Task instructions:
The listing below is to be given again in full and word for word, without its images.

Dataset extract:
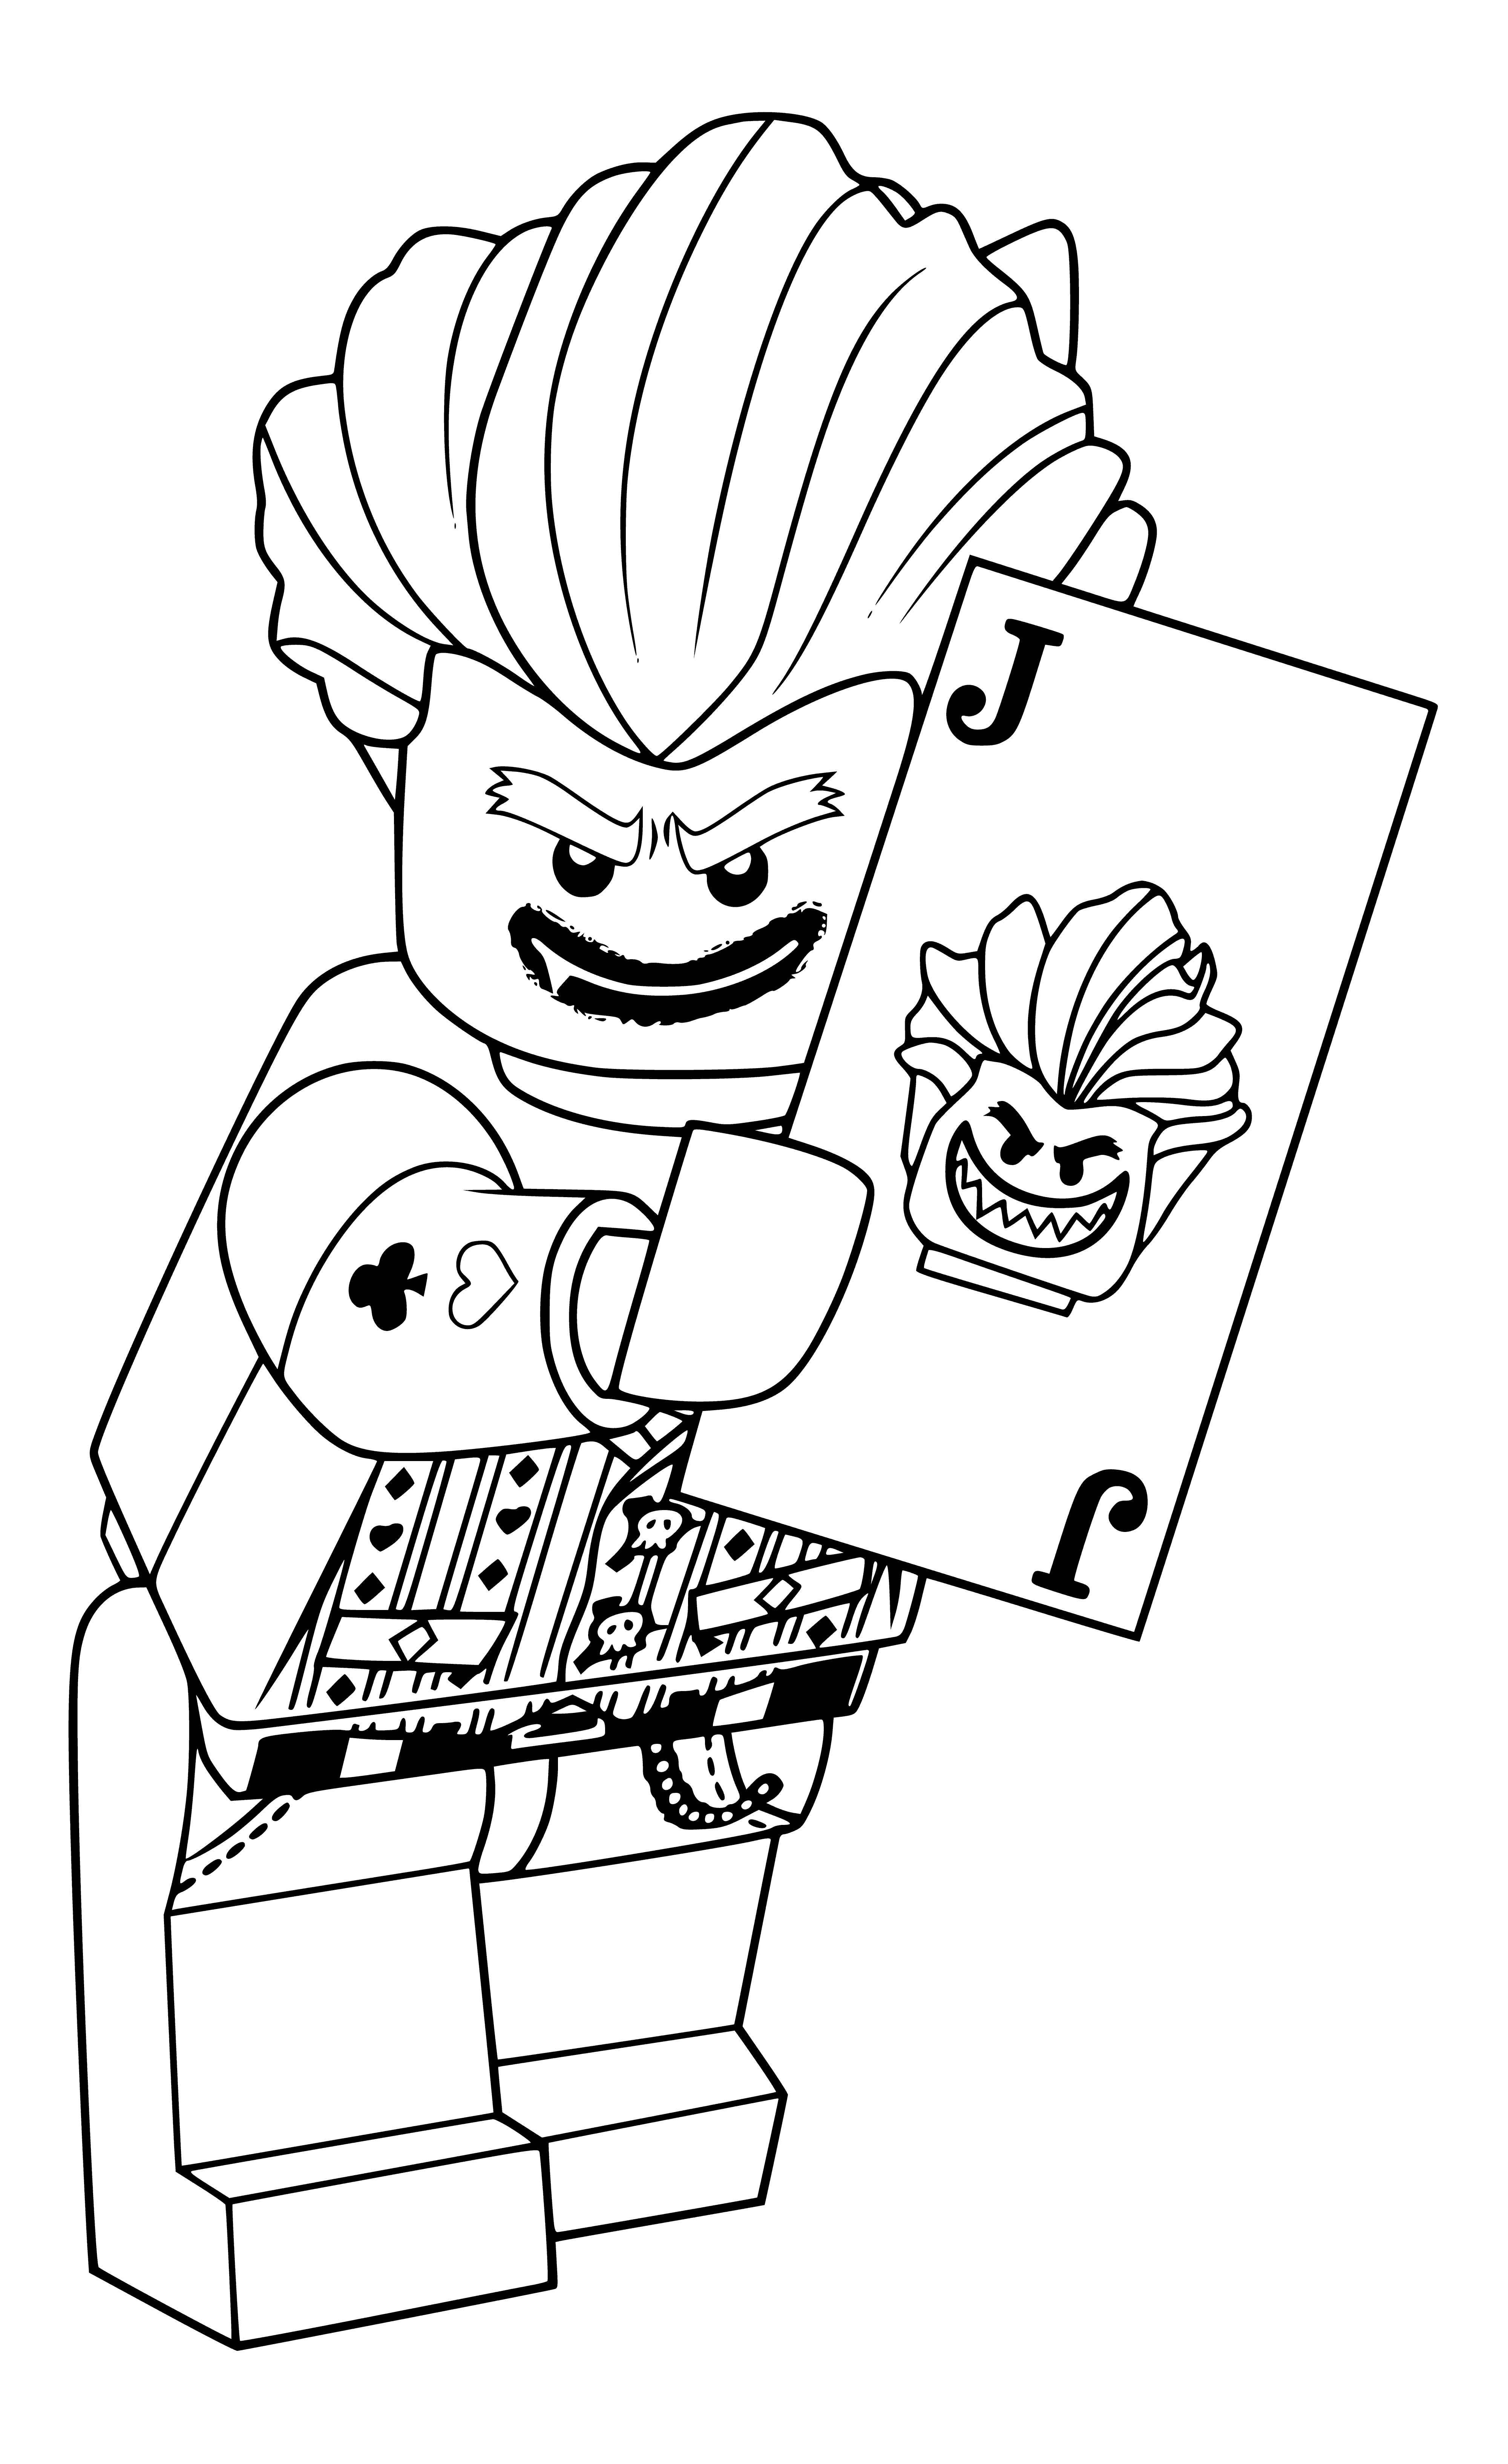 coloring page: The Joker stands watching a blue and white Batarang soar through the air above the city. His purple suit, green shirt & white makeup highlight his mischievous grin.
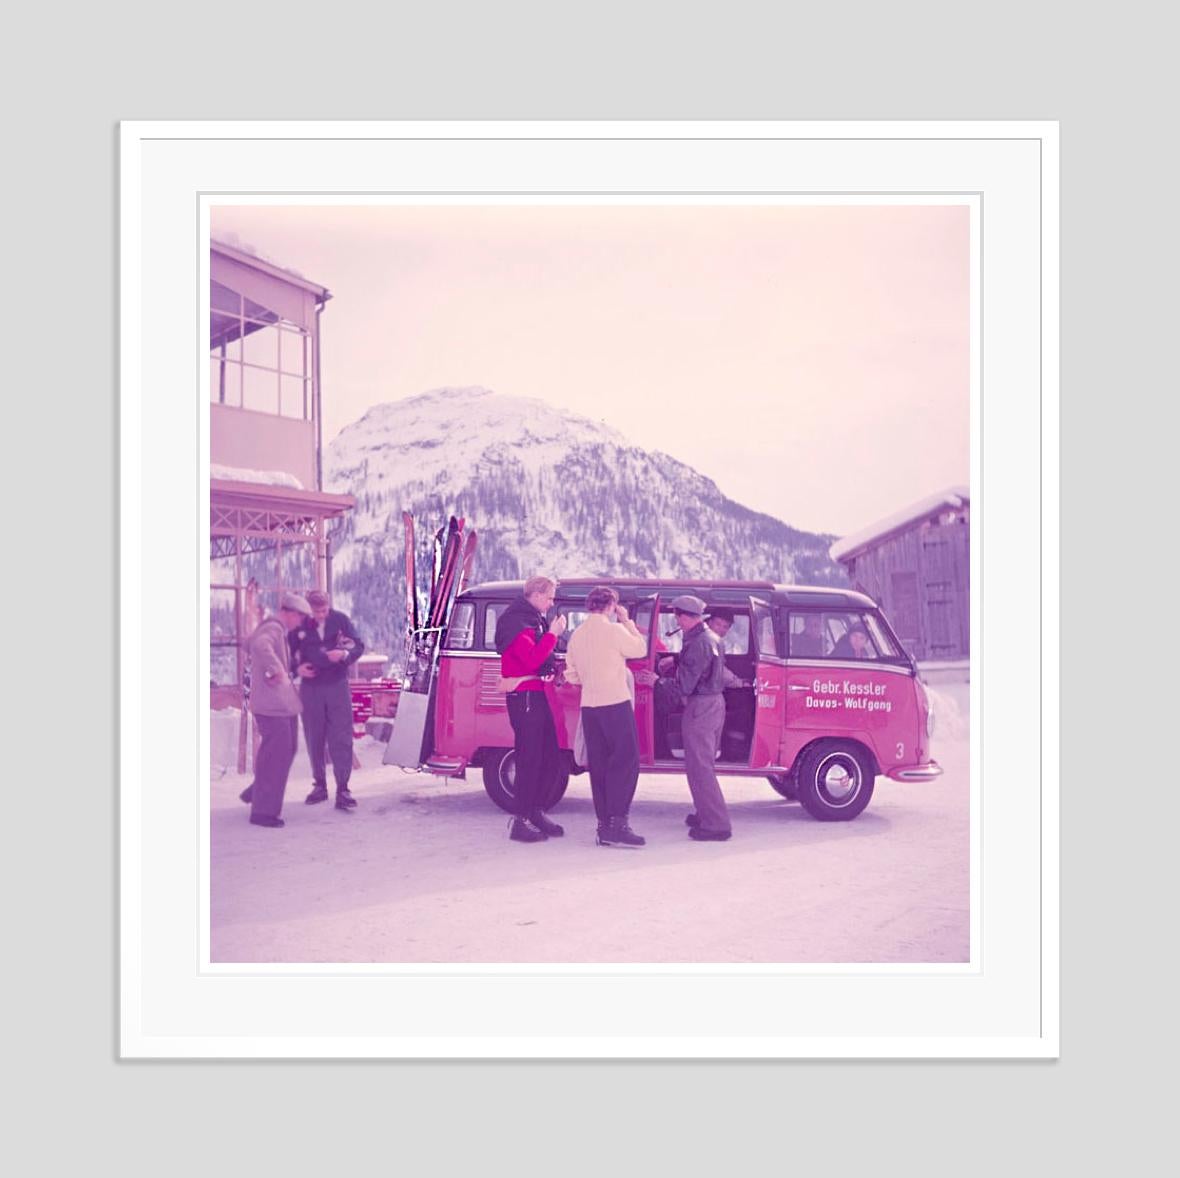  Ski Bus 1954 Oversize Limited Signature Stamped Edition  - Modern Photograph by Toni Frissell
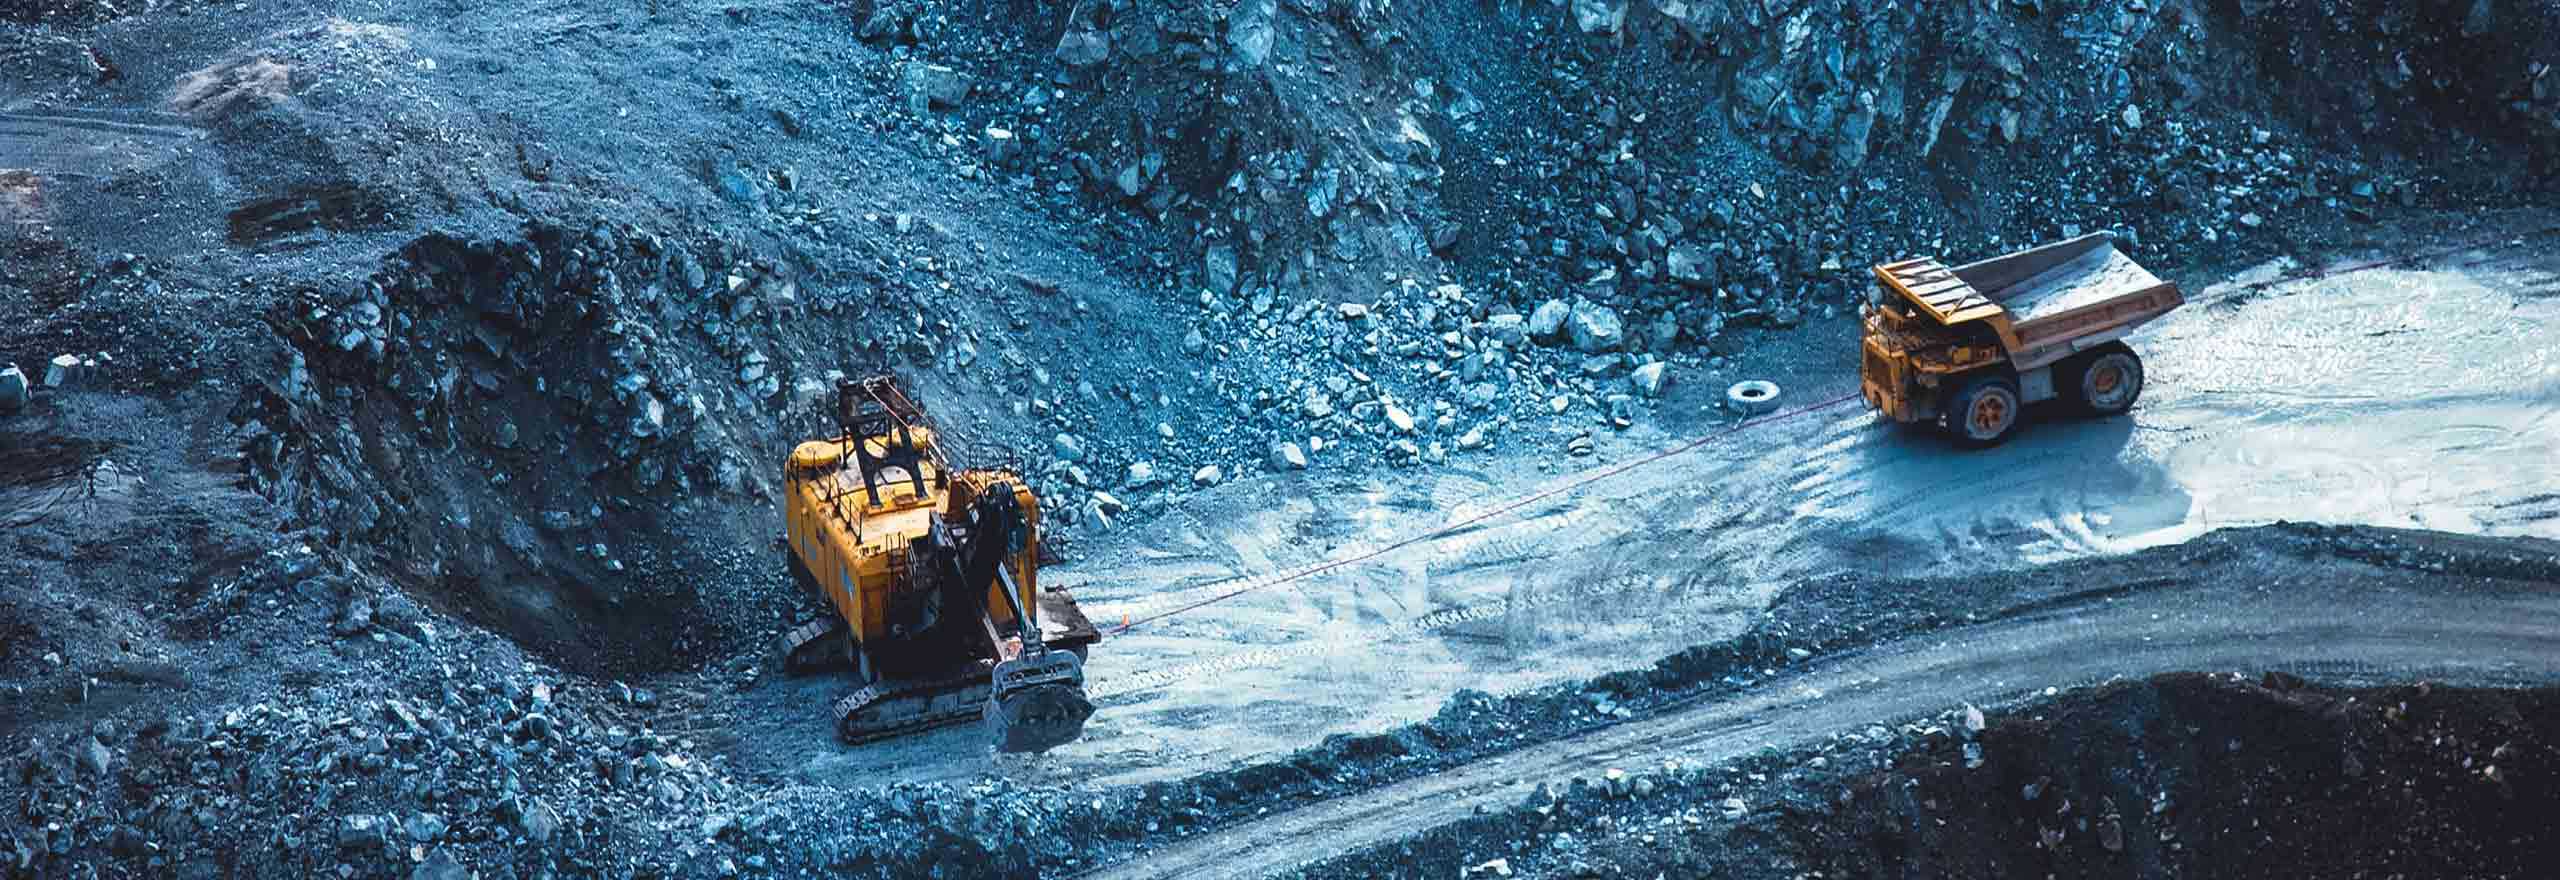 Mine personnel and equipment safety | Hexagon

Task solution:
 coloring page: The Joker stands watching a blue and white Batarang soar through the air above the city. His purple suit, green shirt & white makeup highlight his mischievous grin.
  Ski Bus 1954 Oversize Limited Signature Stamped Edition  - Modern Photograph by Toni Frissell
 Mine personnel and equipment safety | Hexagon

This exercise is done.